Basically I'm trying to add my custom cipher (it's a dummy cipher called Panther) to be used with IKE/ESP to encrypt traffic using strongswan. I know how to do this in linux, but this is quite different on FreeBSD. I understand this is a complicated process esp that strongswan is not fully supported on FreeBSD but I'm trying to deal with one problem at a time. I'm only using IKEv2 and I have done this same customization on linux, so I know it's possible.

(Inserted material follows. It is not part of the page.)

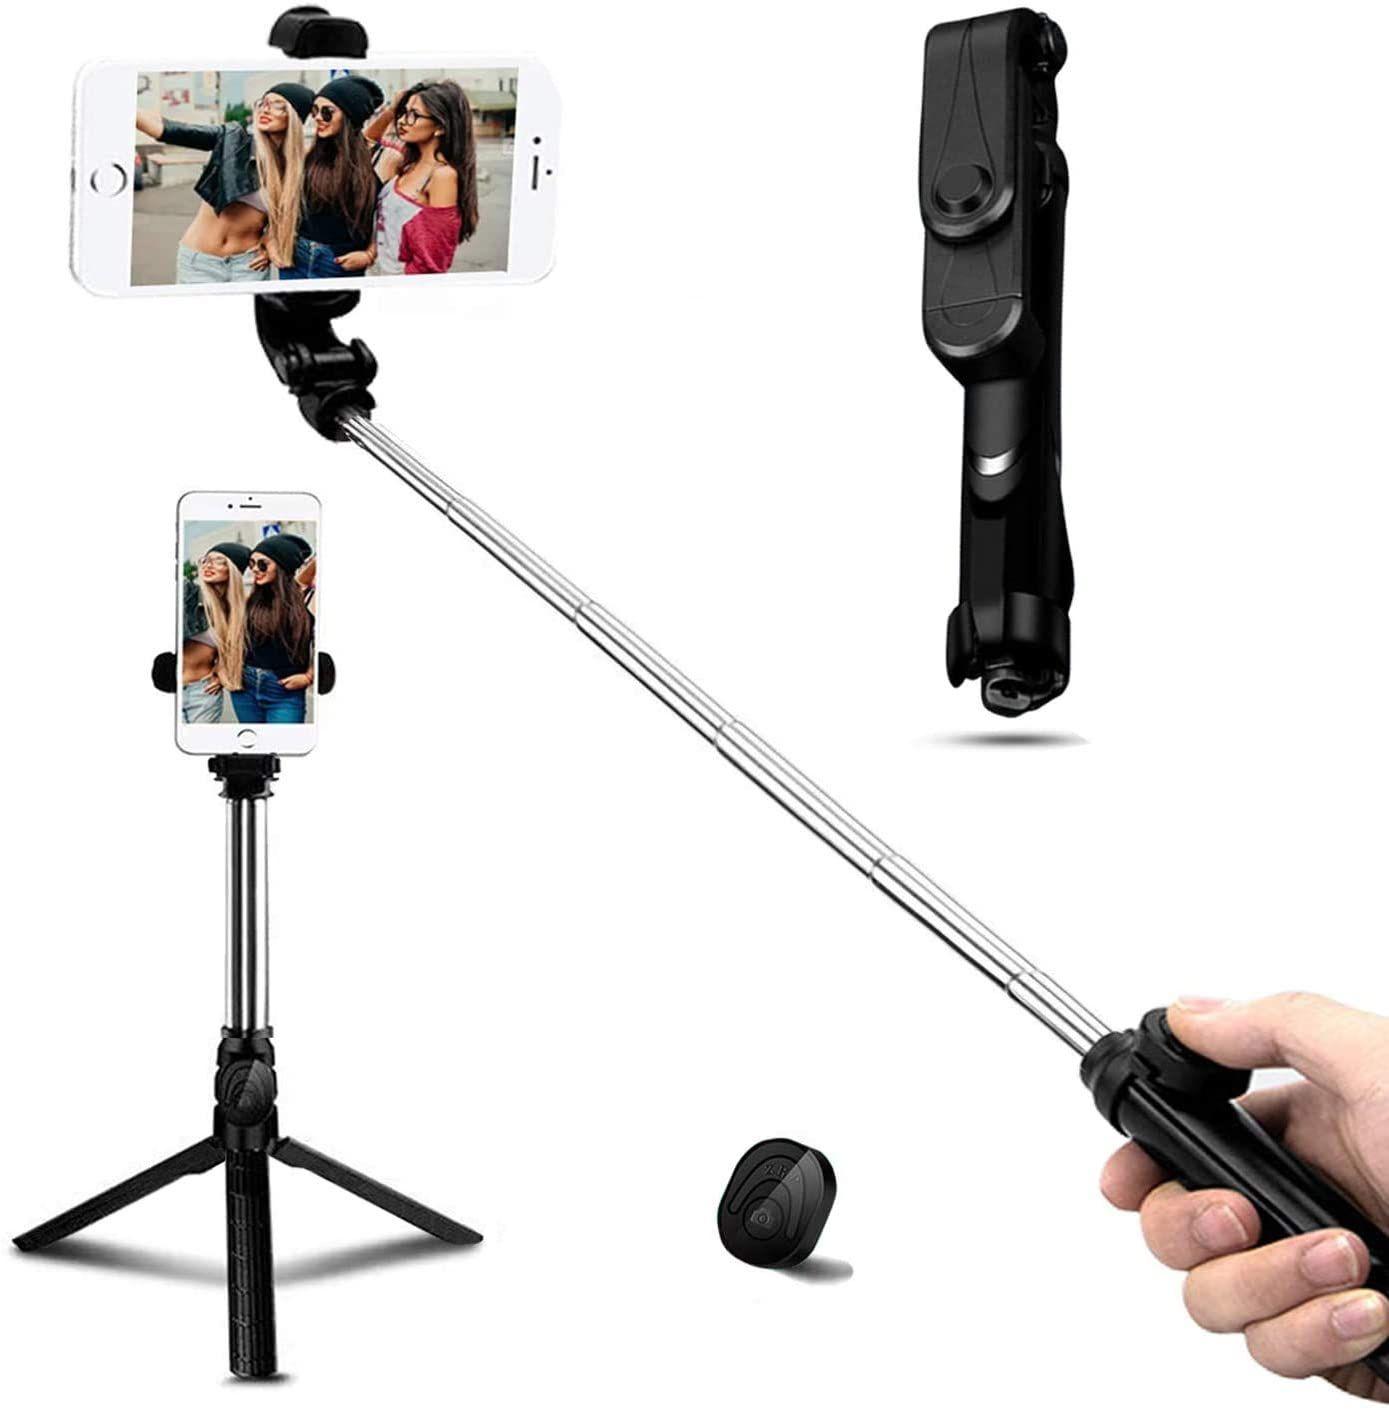 Palo Selfie Trípode, Bluetooth Selfie Stick Movil con Control Remoto 360°

Now, the thing is, to use Panther in ESP, I need to create a kernel module and load it and use it. So I took my shiny panther source files and placed them in a directory alongside the other standard kernel ciphers blowfish aes...etc. I then modified some files in the netipsec/ directory like the xform_esp.c among others. Basically I looked in the kernel for all occurrences of blowfish, and then added a similar entry for panther. I finally compiled my kernel with no problems. I just don't know if my module is working or no. How do I check that? Is there any way I could use my custom cipher without strongswan or setkey (not that I haven't tried) but I'm just not sure whether the errors are from strongswan/setkey not recognizing panther or from the module itself. I tried kldstat but that's not it. In linux I could just lsmod and it would show whenever it's invoked. 

Any help on how to customize a new cipher into FreeBSD is appreciated thanks.


----------



## bestwc (Apr 25, 2011)

Hi beaute,

I'm not familiar with ciphers on FreeBSD, but your requirements sound like you really want a system call. I don't know if that's what you want, but I think it worth a try.

You can wrap your cipher code in a system call structure, and use kldload to dynamically load the module into kernel, then you can write small applications to interact with that system call.

If you are interested in FreeBSD Kernel Programming in general, I'm trying to write some notes on it, maybe you want to have a look at my notes.


----------